NEW YORK (AP) -- George Plimpton, the gentleman editor, literary patron and "participatory journalist" whose fumbling exploits included boxing, trapeze-flying and, most famously, quarterbacking for the Detroit Lions, has died at 76.
Plimpton died Thursday night at his New York apartment, his longtime friend restaurateur Elaine Kaufman said Friday. She had no information on the cause.
"Friends were almost always happy to see him because you knew he was bound to improve your mood," author Norman Mailer said Friday. "What fine manners he had! Few could give a toast or tell a story with equal humor."
Praised as a "central figure in American letters" when inducted in 2002 into the American Academy of Arts and Letters, Plimpton was beloved among writers for The Paris Review, the literary quarterly he helped found in 1953 and ran with boyish enthusiasm for 50 years.
The magazine's high reputation rested on two traditions: publishing the work of emerging authors, including Philip Roth and Jack Kerouac, and an unparalleled series of interviews in which Ernest Hemingway, William Faulkner and others discussed their craft.
Plimpton also enjoyed a lifetime of making literature out of nonliterary pursuits. He boxed with Archie Moore, pitched to Willie Mays and performed as a trapeze artist for the Clyde Beatty-Cole Brothers Circus. In his book "Paper Lion," he documented his punishing stint training with the NFL's Detroit Lions in 1963.
He acted in numerous movies, including "Reds" and "Good Will Hunting." He even supplied his voice for an episode of "The Simpsons," playing a professor who runs a spelling bee.
A native of New York, Plimpton was born into society -- diplomat's son -- and was a Harvard man with an upper-class accent.
But the public knew him better as an amiable underdog, towered over by the giants of sports and other professions. Much of his career served as a send-up of Hemingway's famous credo, "Grace under pressure."
Starting in the 1950s, when he began his vocation as a "participatory" journalist, he practiced the singular art of narrating panic. In a culture where millions fantasized about being movie stars or sports heroes, the lanky, wavy-haired Plimpton dared to enter the arena himself, with results both comic and instructive.
During his stint with the Lions, he was allowed briefly to play quarterback during a scrimmage. He remembered the crowd cheering as he left the field after a series of mishaps.
"It verified the assumption that the average fan would have about an amateur blundering into the brutal world of professional football," he wrote. "The outsider did not belong, and there was comfort in that being proved."
Just days before his death, Plimpton reunited with 40 Lions to mark the book's 40th anniversary. "We had a good time last weekend. I got to roast him a bit. I told him how he was a light in my life," said former Lions star Roger Brown.
Plimpton's other books included "Bogey Man" and "Out of My League." He could also take credit for at least one memorable fictional character: Sidd Finch, a baseball pitcher of unprecedented gifts (168 mph fastball) and unlikely background (reared in the mountains of Tibet).
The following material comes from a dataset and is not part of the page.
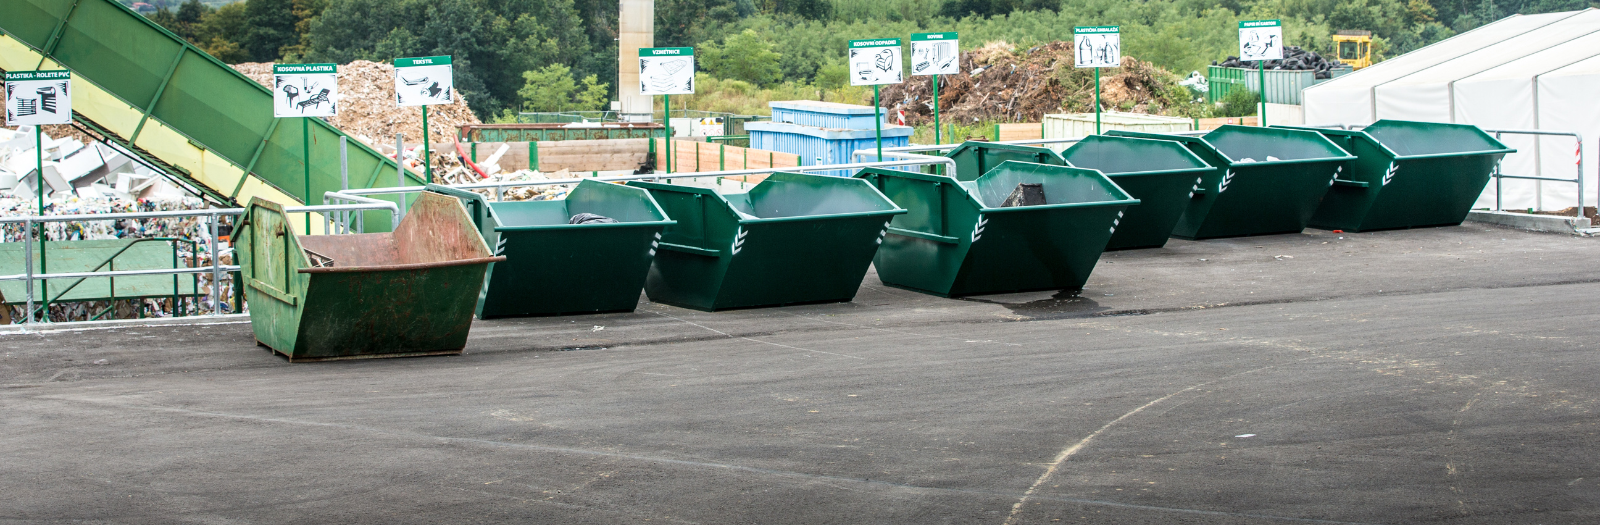 Green waste containers lined up

Finch was portrayed so vividly by Plimpton in a 1985 Sports Illustrated article that many believed the man really existed.
The Paris Review remained more respected than read. The subscription base was rarely higher than a few thousand and the bank account seemed to descend at will. At one point in 2001, Plimpton reported, funds dropped to $1.16.
A 50th anniversary celebration had been scheduled for Oct. 14 in New York, with Mailer and Kurt Vonnegut among the guests. A spokeswoman for The Paris Review said no decision had been made on whether the event would take place.
"Like probably a hundred other writers, he started my career. I always felt the greatest debt of gratitude," said Pulitzer Prize-winning novelist Jeffrey Eugenides, who recalled that The Paris Review ran excerpts of his first book, "The Virgin Suicides."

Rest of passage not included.